Ottily executes a javascript snippet on each line of an input file in parallel.
$ go get github.com/miku/ottily/cmd/ottily
$ ottily -h
Usage of ottily:
-cpuprofile="": write cpu profile to file
-e="": execute argument on each line of input
-p="": include this js file before processing
-s="": script to execute on each line of input
-v=false: prints current program version
-w=4: number of workers
Noop -- is just an expensive cat
.
$ ottily datasets/simple.ldj
{"name": "ottily", "language": "Golang"}
Inline script with -e
:
$ ottily -e 'output=input.length' datasets/simple.ldj
40
$ ottily -e 'o=JSON.parse(input); o["language"] = "Go"; output=JSON.stringify(o);' \
datasets/simple.ldj
{"language":"Go","name":"ottily"}
Pass a script file with -s
:
$ cat scripts/classified.js
output = "CLASSIFIED"
$ ottily -s scripts/classified.js datasets/simple.ldj
CLASSIFIED
A string variable input
is passed into the javascript snippet.
To produce output, set the output
variable to the desired string value.
If output
is set to null or is undefined, nothing is printed. That's it.
By default, ottily
will run as many workers as there are cores.
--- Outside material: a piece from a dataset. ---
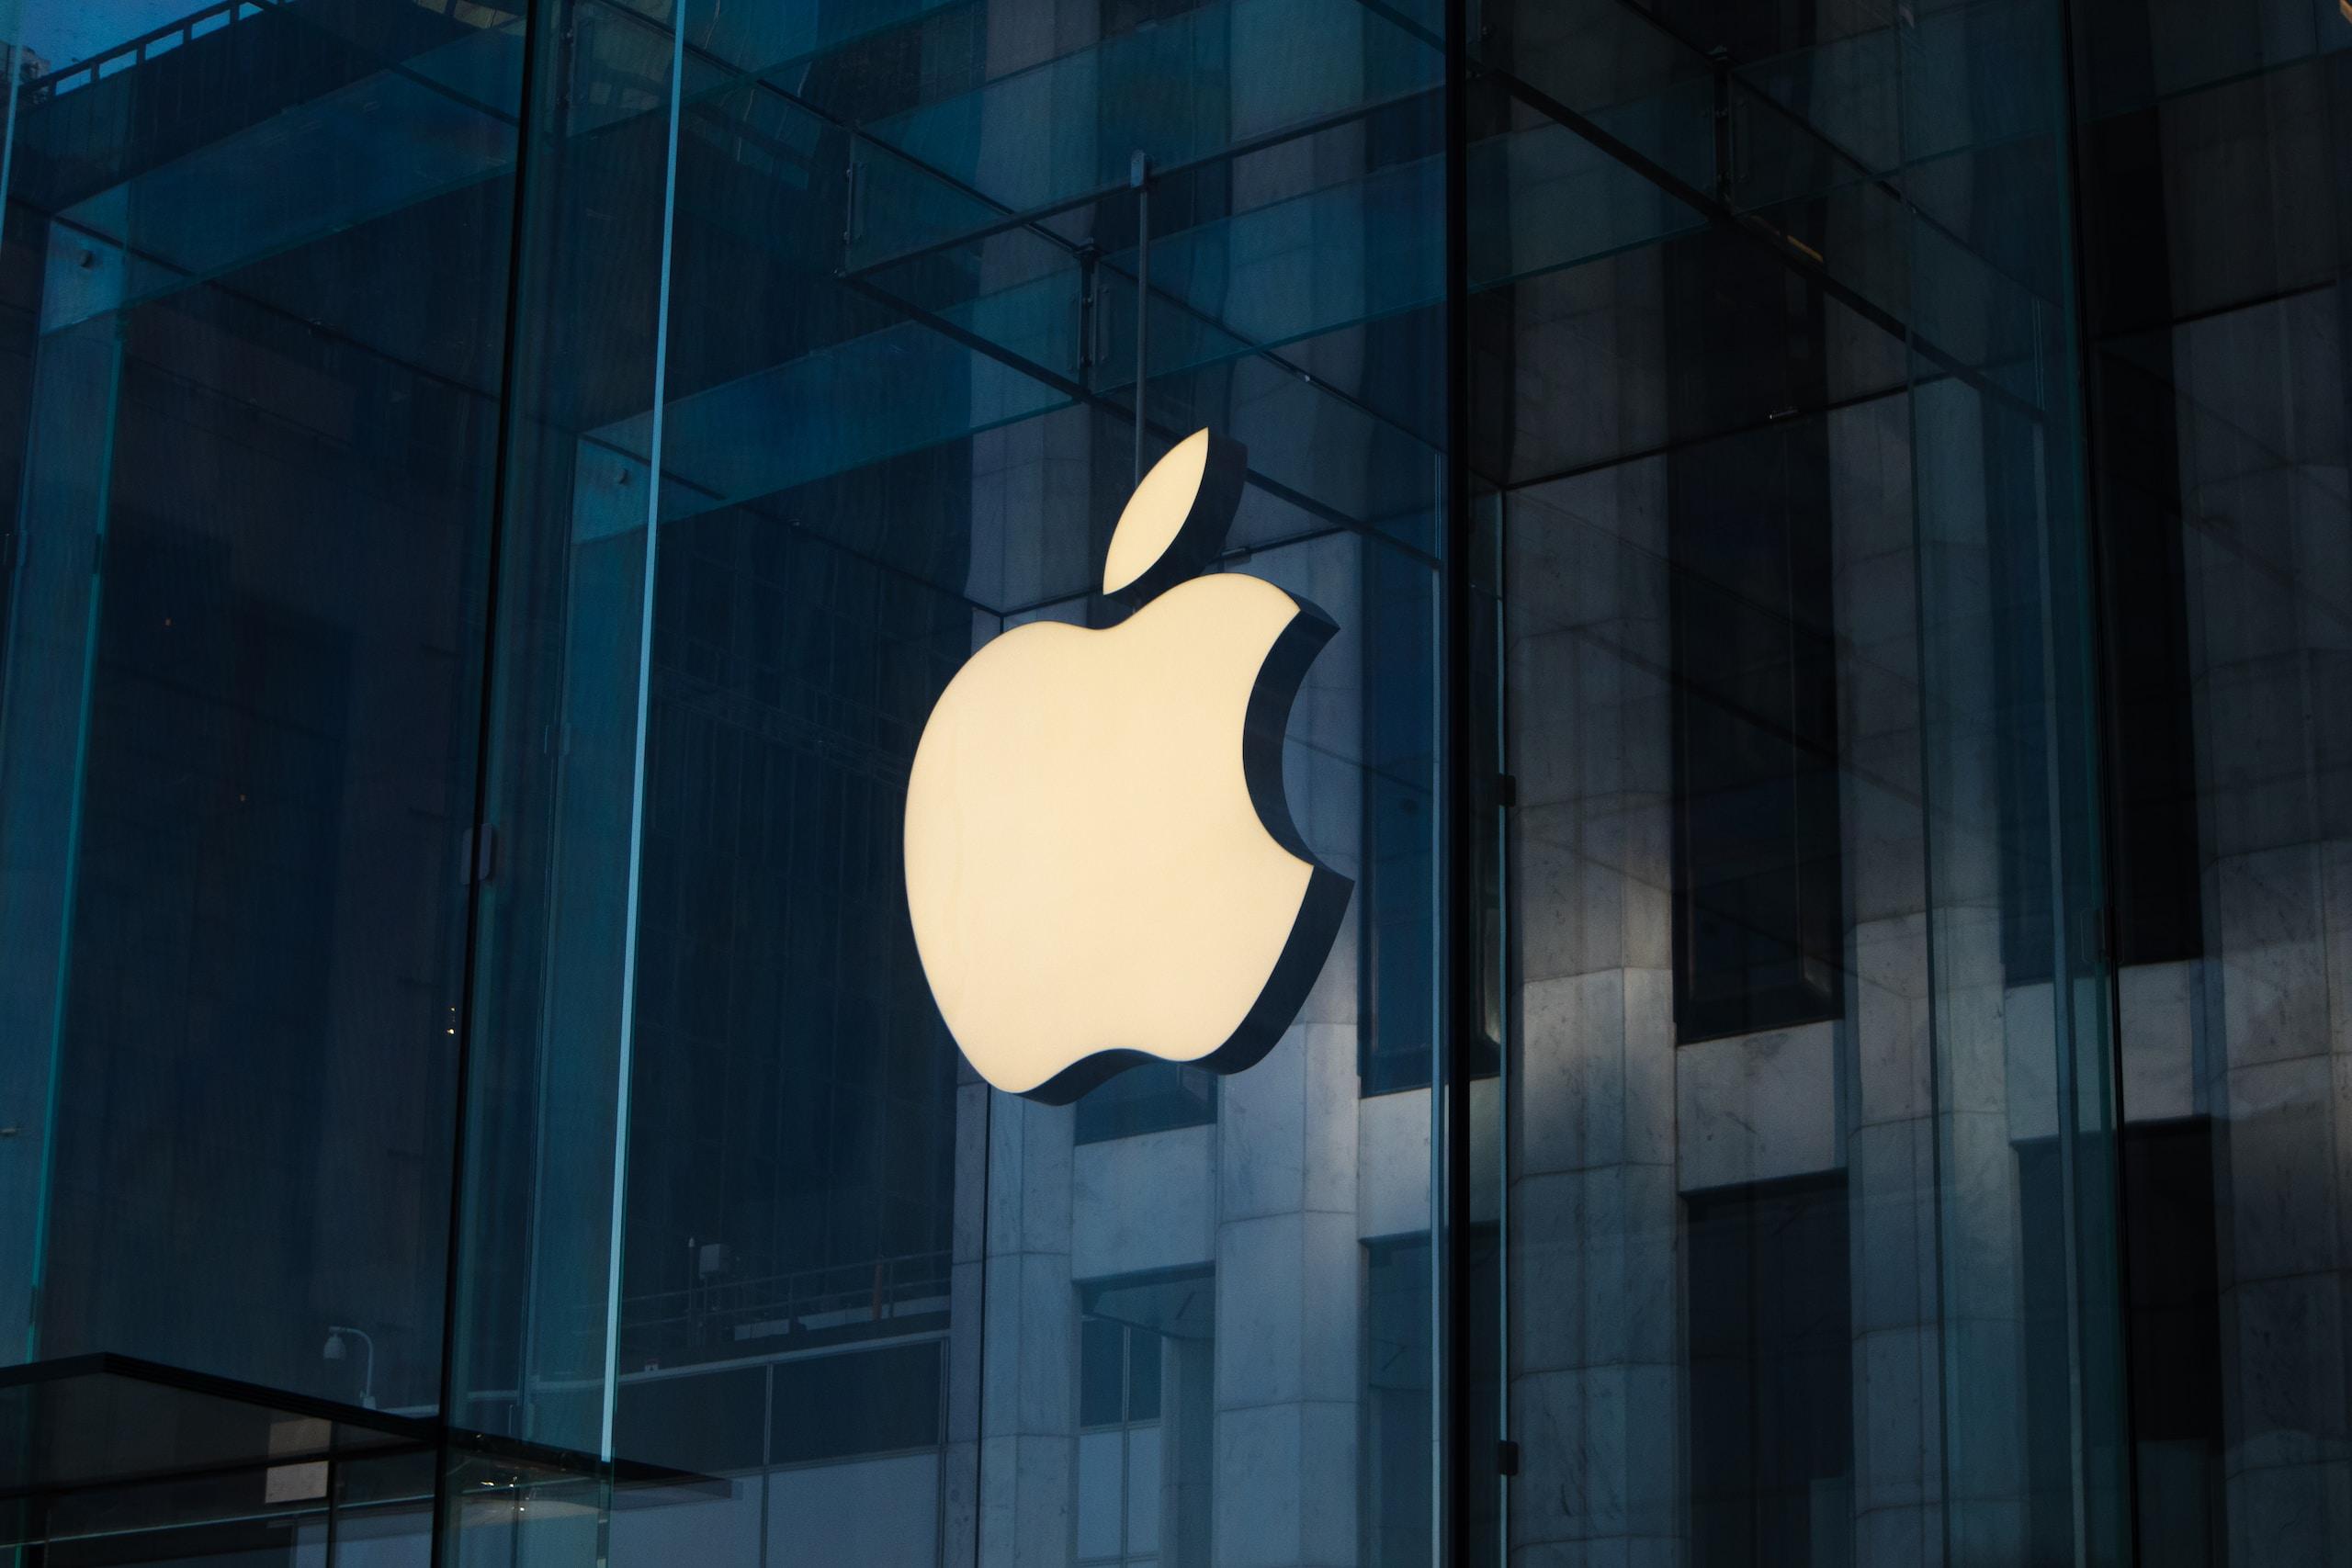 App Store / apple logo on glass window

Ottily is just a 140 LOC Go program. In many cases, there will be faster alternatives.
Given a file with 1 million lines, calculate the length of each line.
$ time awk '{ print length }' datasets/1M.ldj > /dev/null
real 0m5.836s
user 0m5.514s
sys 0m0.314s
$ time ottily -e 'output=input.length' datasets/1M.ldj > /dev/null
real 0m11.758s
user 0m38.204s
sys 0m4.713s
Given a file with 1 million lines, one JSON document per line, add a new key to each JSON document.
$ time jq -c '."about" = "jq"' datasets/1M.ldj > /dev/null
real 2m31.063s
user 2m29.517s
sys 0m1.500s
$ time ottily -e 'o=JSON.parse(input); o["about"] = "ot"; output=JSON.stringify(o);' \
datasets/1M.ldj > /dev/null
real 5m55.630s
user 20m25.530s
sys 0m46.750s
Above tests were done on 4 cores.
Ottily uses otto to run js.